Activated Human CD4+CD45RO+ Memory T-Cells Indirectly Inhibit NLRP3 Inflammasome Activation through Downregulation of P2X7R Signalling

Inflammasomes are multi-protein complexes that control the production of pro-inflammatory cytokines such as IL-1β. Inflammasomes play an important role in the control of immunity to tumors and infections, and also in autoimmune diseases, but the mechanisms controlling the activation of human inflammasomes are largely unknown. We found that human activated CD4+CD45RO+ memory T-cells specifically suppress P2X7R-mediated NLRP3 inflammasome activation, without affecting P2X7R-independent NLRP3 or NLRP1 inflammasome activation. The concomitant increase in pro-IL-1β production induced by activated memory T-cells concealed this effect. Priming with IFNβ decreased pro-IL-1β production in addition to NLRP3 inflammasome inhibition and thus unmasked the inhibitory effect on NLRP3 inflammasome activation. IFNβ suppresses NLRP3 inflammasome activation through an indirect mechanism involving decreased P2X7R signaling. The inhibition of pro-IL-1β production and suppression of NLRP3 inflammasome activation by IFNβ-primed human CD4+CD45RO+ memory T-cells is partly mediated by soluble FasL and is associated with down-regulated P2X7R mRNA expression and reduced response to ATP in monocytes. CD4+CD45RO+ memory T-cells from multiple sclerosis (MS) patients showed a reduced ability to suppress NLRP3 inflammasome activation, however their suppressive ability was recovered following in vivo treatment with IFNβ. Thus, our data demonstrate that human P2X7R-mediated NLRP3 inflammasome activation is regulated by activated CD4+CD45RO+ memory T cells, and provide new information on the mechanisms mediating the therapeutic effects of IFNβ in MS.

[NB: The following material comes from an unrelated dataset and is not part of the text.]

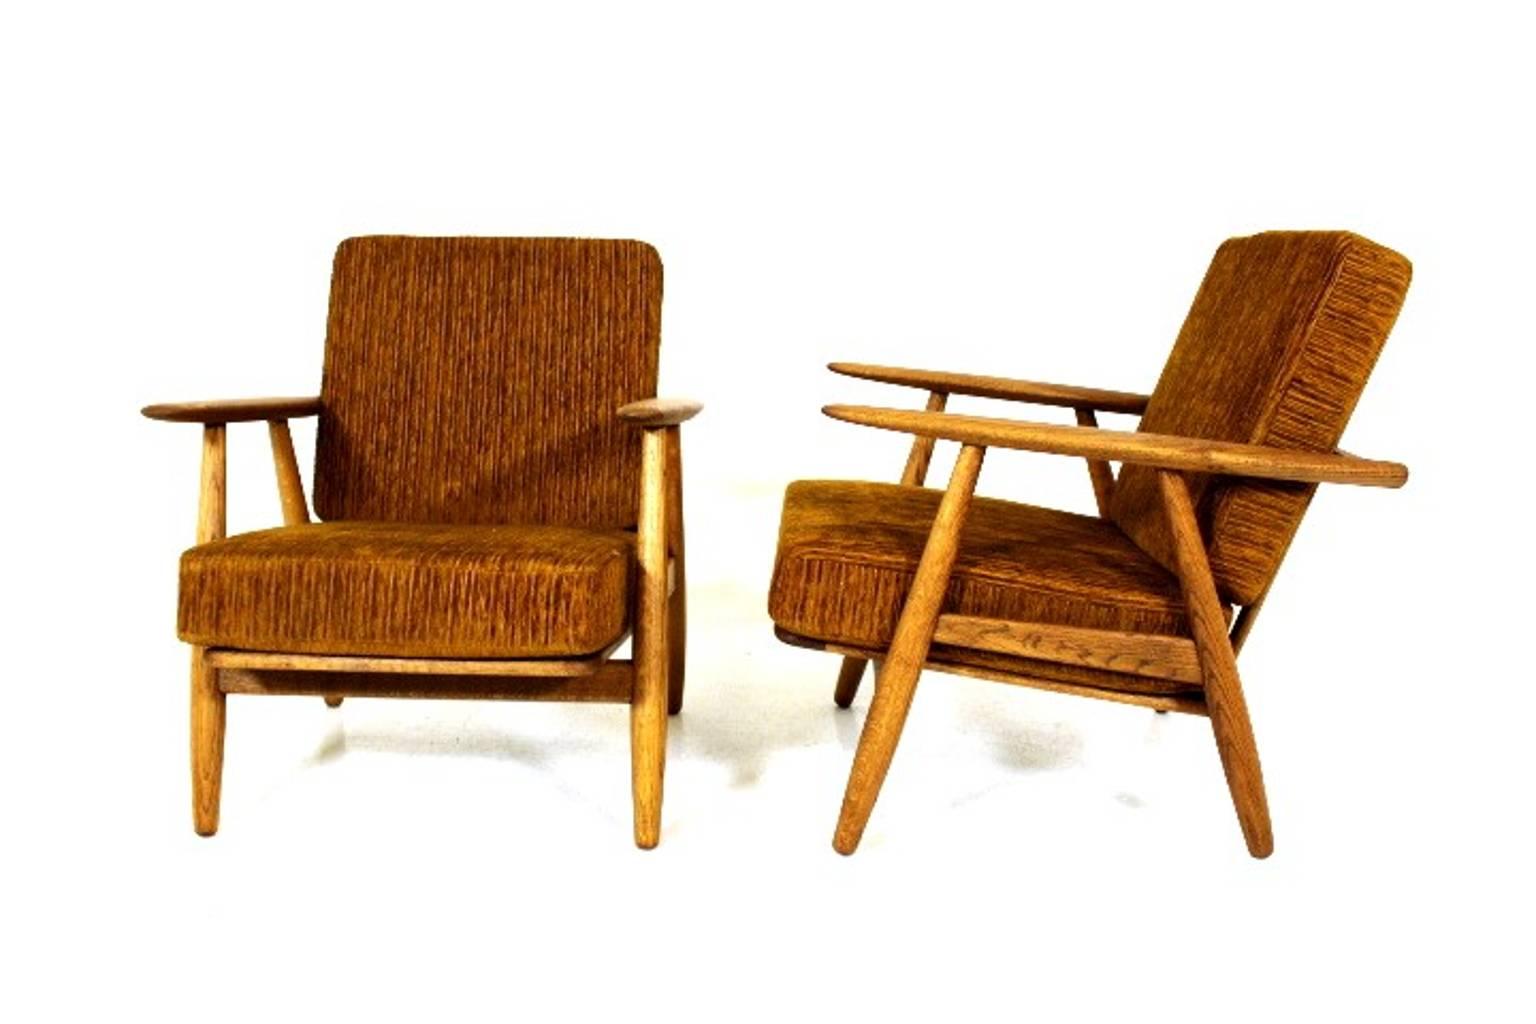 A pair of Hans J Wegner cigar lounge chairs model GE 240 in oak and fabric.
         

炎性体（Inflammasomes）是一类调控促炎细胞因子（如白细胞介素1β，IL-1β）生成的多蛋白复合物。炎性体在抗肿瘤、抗感染免疫调控以及自身免疫病的发生发展中发挥重要作用，但目前人类炎性体的激活调控机制仍未被完全阐明。本研究发现，活化的CD4+CD45RO+记忆T细胞（CD4+CD45RO+ memory T-cells）可特异性抑制P2X嘌呤受体7（P2X7R）介导的NLRP3炎性体（NLRP3 inflammasome）激活，而不影响不依赖P2X7R的NLRP3或NLRP1炎性体（NLRP1 inflammasome）激活。活化的记忆T细胞诱导的前体白细胞介素1β（pro-IL-1β）生成增加会掩盖这一抑制效应。经干扰素β（IFNβ）预刺激不仅可抑制NLRP3炎性体激活，还可降低pro-IL-1β的生成，从而暴露了其对NLRP3炎性体激活的抑制作用。IFNβ通过一种间接机制抑制NLRP3炎性体激活，该机制涉及P2X7R信号通路的减弱。经IFNβ预刺激的人类CD4+CD45RO+记忆T细胞对pro-IL-1β生成的抑制以及对NLRP3炎性体激活的调控，部分由可溶性Fas配体（soluble FasL）介导，且与单核细胞中P2X7R mRNA表达下调、ATP应答反应减弱相关。多发性硬化症（MS）患者来源的CD4+CD45RO+记忆T细胞，其抑制NLRP3炎性体激活的能力有所减弱，但经体内IFNβ治疗后，这种抑制功能可得到恢复。综上，本研究数据证实，人类P2X7R介导的NLRP3炎性体激活可被活化的CD4+CD45RO+记忆T细胞调控，并为阐明IFNβ治疗多发性硬化症的作用机制提供了新的见解。